Managing Knee Osteoarthritis: Self-Help and Nonpharmacological Interventions


Early intervention for knee osteoarthritis is crucial to prevent disability, but what are the best alternatives to long-term medication? This review examines and compares self-help and alternative interventions including exercise, strength training, glucosamine/chondroitin, acupuncture, and walking aids.

ABSTRACT: Early intervention for osteoarthritis (OA) of the knee is important for ameliorating the long-term effects of disease. Current treatment goals are focused on symptom relief, but effort is being directed toward the development of disease-modifying therapies. Self-help options exemplify the “first, do no harm” principle, and several have been shown to have significant efficacy in patients with knee OA. Weight loss significantly decreases knee joint loads in obese and overweight patients with knee OA. Focused strength training has been shown to improve mobility and decrease pain. Clinical results for glucosamine/chondroitin suggest that they may provide protection against joint-space narrowing. Clinical studies of the use of canes and walking aids have indicated symptomatic benefit. A meta-analysis of trials of acupuncture for peripheral joint OA indicated benefit.

Osteoarthritis (OA) of the knee is a common and progressive disease that has a negative impact on function and quality of life. Early intervention is considered important for ameliorating the long-term effects of disease.

Although current treatment goals are focused on symptom relief, great effort is being directed toward the development of disease-modifying therapies. No current therapy for knee OA is accepted as having disease-modifying actions, but studies of several interventions have suggested potentially disease-modifying effects.

This is the second article in a 3-part series on managing early knee OA in which we review clinical results for nonpharmacological and pharmacological treatments for patients with OA and summarize data related to their potential for altering disease progression. Although such information is limited, it may help clinicians select treatments for patients who have early OA.

In the first part (“Managing Knee Osteoarthritis: Rationale for Early Treatment,”, we described the relationships among molecular changes, structural damage, and disease progression and the rationale for early treatment and defining disease modification. This second article discusses self-help and nonpharmacological interventions. In the third article, we will provide an overview of systemic pharmacotherapy, including acetaminophen, NSAIDs/cyclooxygenase 2 inhibitors, licofelone, diacerein, tramadol and other opioid analgesics, and calcitonin, as well as intra-articular treatments, including corticosteroids and hyaluronates.

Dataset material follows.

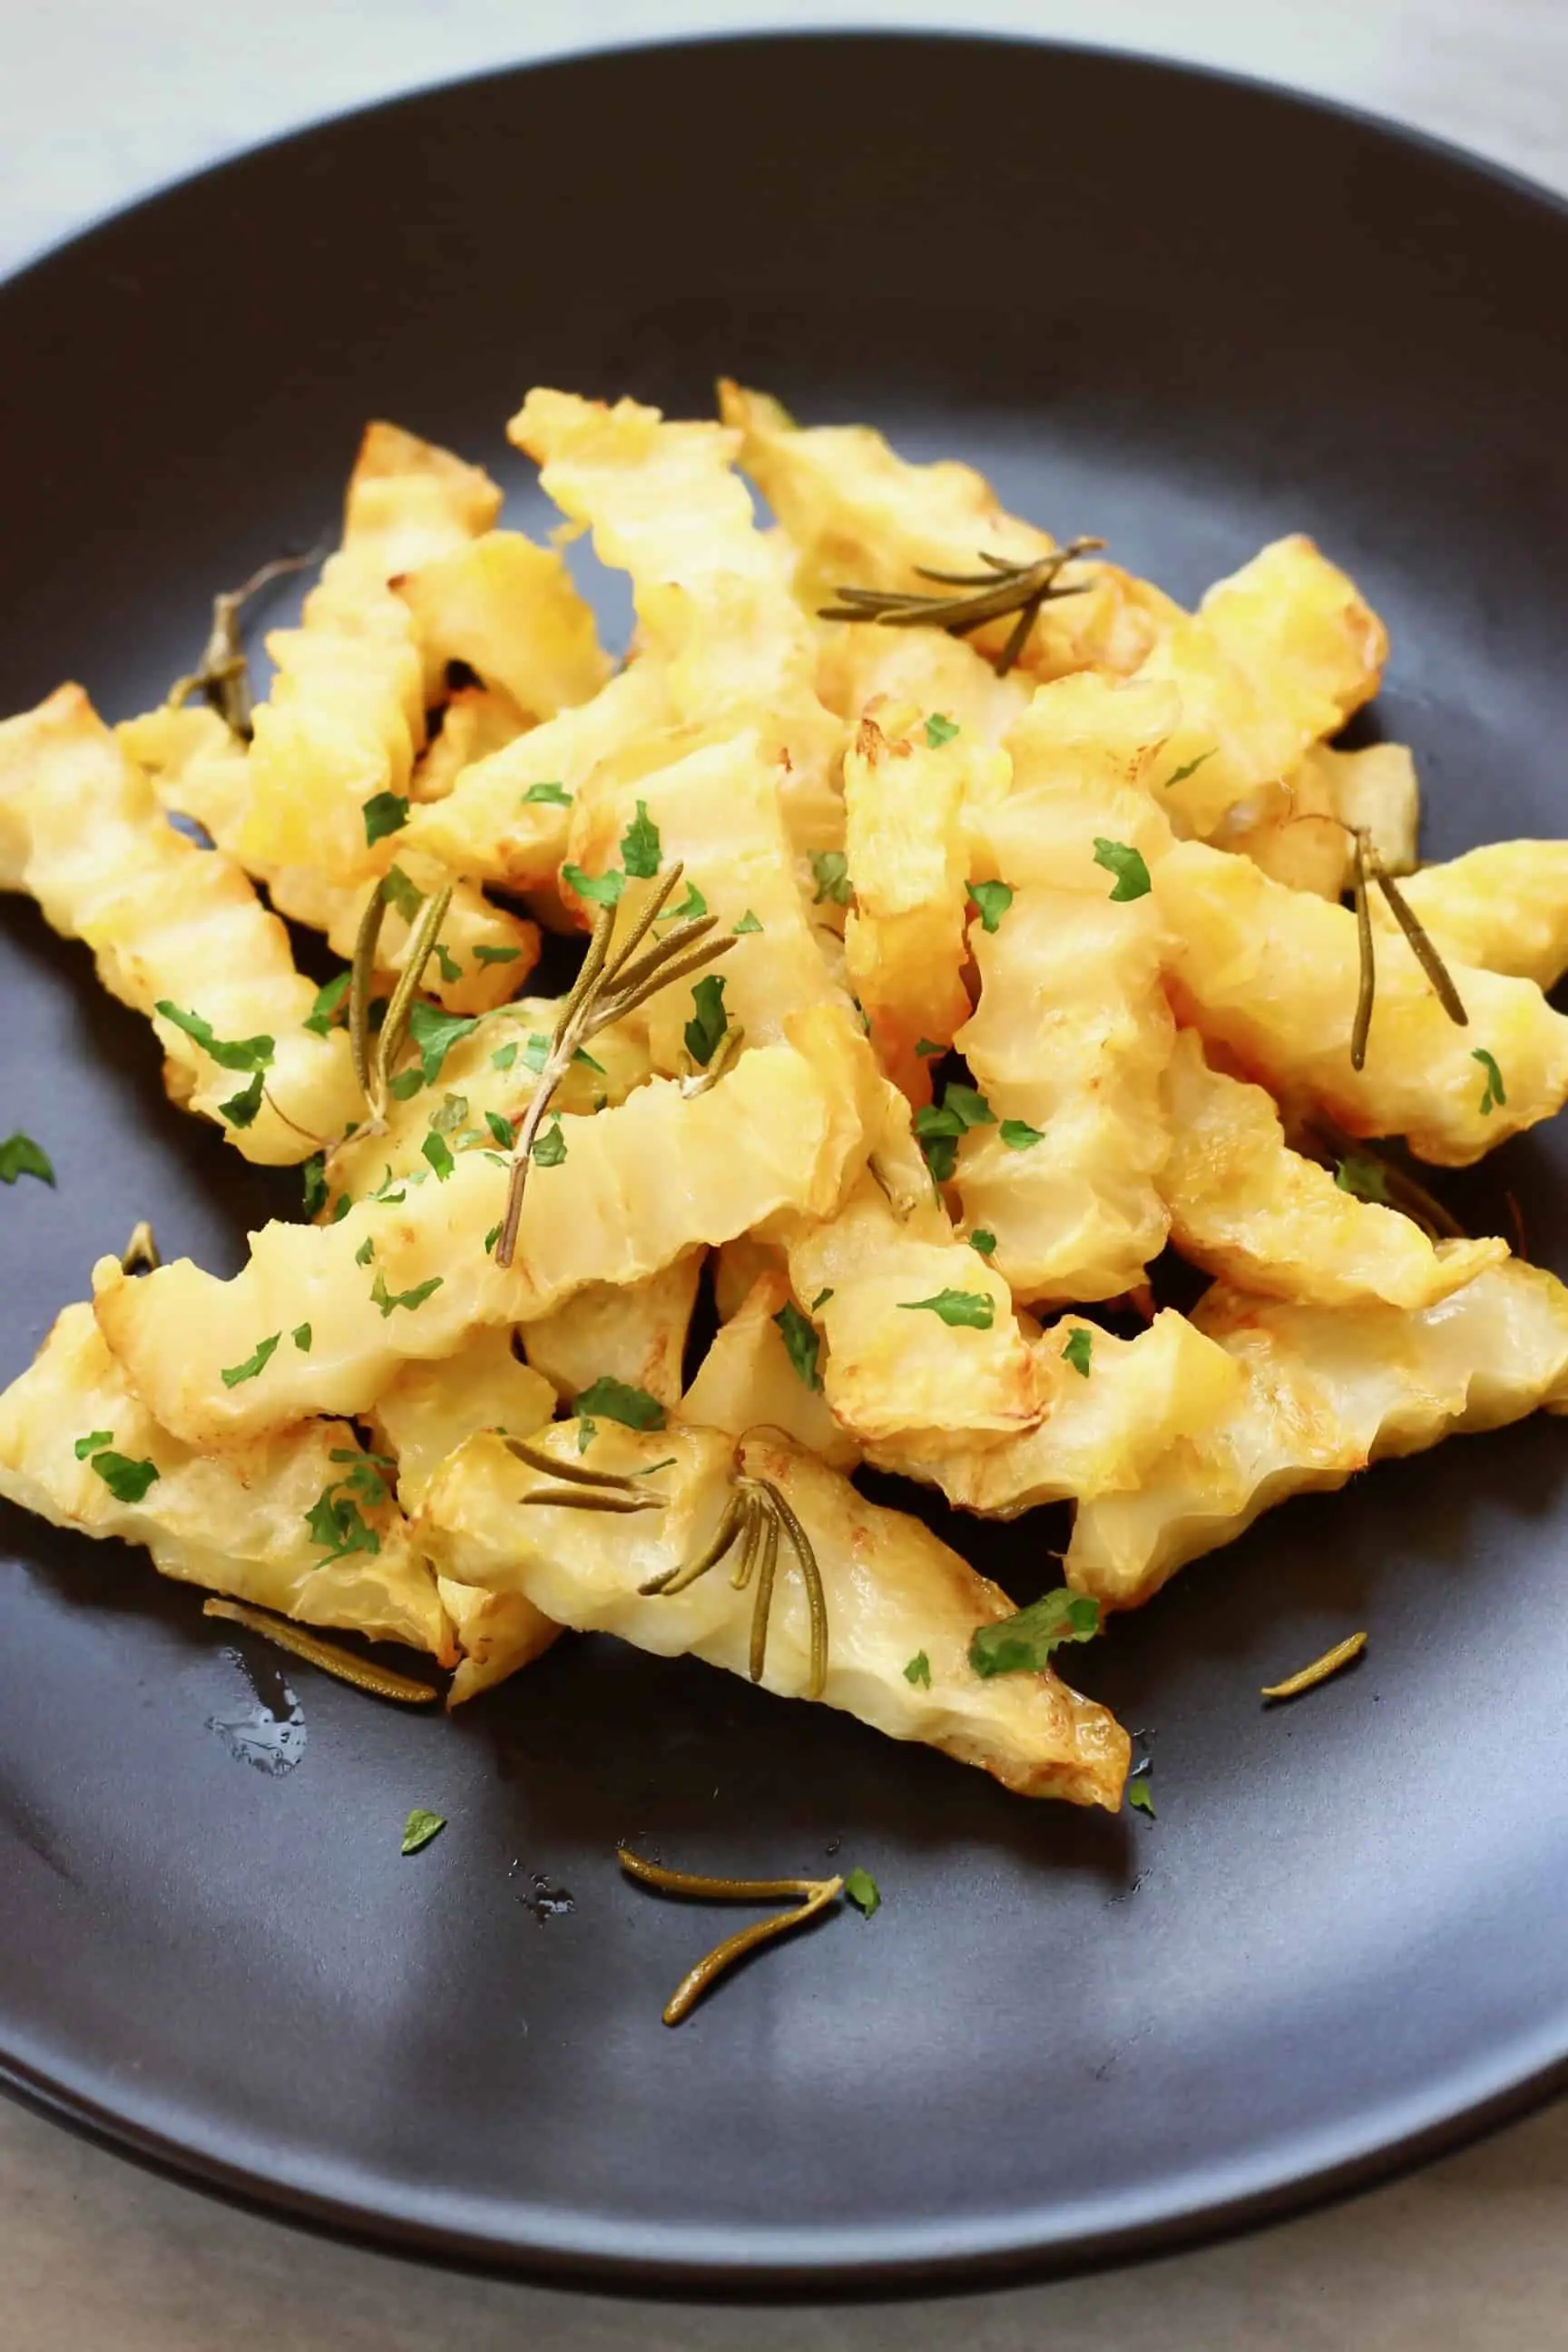 A pile of crinkle-cut celeriac fries decorated with green herbs on a black plate

Searches of studies for all therapies were carried out using PubMed. Searches for each treatment were focused on citations that included information on “disease modification,” “biomarkers,” “joint space,” “inflammation,” and “cytokines.”


Although there is as yet no consensus on a measure for inhibition of OA disease progression, particularly one that may be used before radiographically demonstrable disease, considering the results of clinical trials that address this issue is still useful. The following sections summarize results from studies of nonpharmacological interventions for OA that included information on effects of treatment on radiographic disease progression or candidate markers that may be predictive of this outcome.


Self-help options exemplify the “first, do no harm” principle that is fundamental to medicine, and several have been shown to have significant efficacy in patients with knee OA. Weight loss significantly decreases knee joint loads in obese and overweight patients with knee OA.1 Results from controlled clinical trials repeatedly have shown that diet, exercise, and weight loss are associated with decreased symptom severity and functional improvement in patients with knee OA.2-5

Available evidence suggests that diet, exercise, and weight loss do not have consistent significant effects on biomarkers reflective of disease progression.6 However, they have been shown to significantly decrease levels of inflammatory markers, including C-reactive protein (CRP), interleukin (IL)-6, and soluble tumor necrosis factor (TNF) receptor 1 levels in patients with knee OA.7,8

Strength Training

Focused strength training (supervised or done at home unsupervised) has been shown to improve mobility and decrease pain in patients with knee OA.4,9-13 However, evidence indicating that it has beneficial effects on knee OA progression is limited.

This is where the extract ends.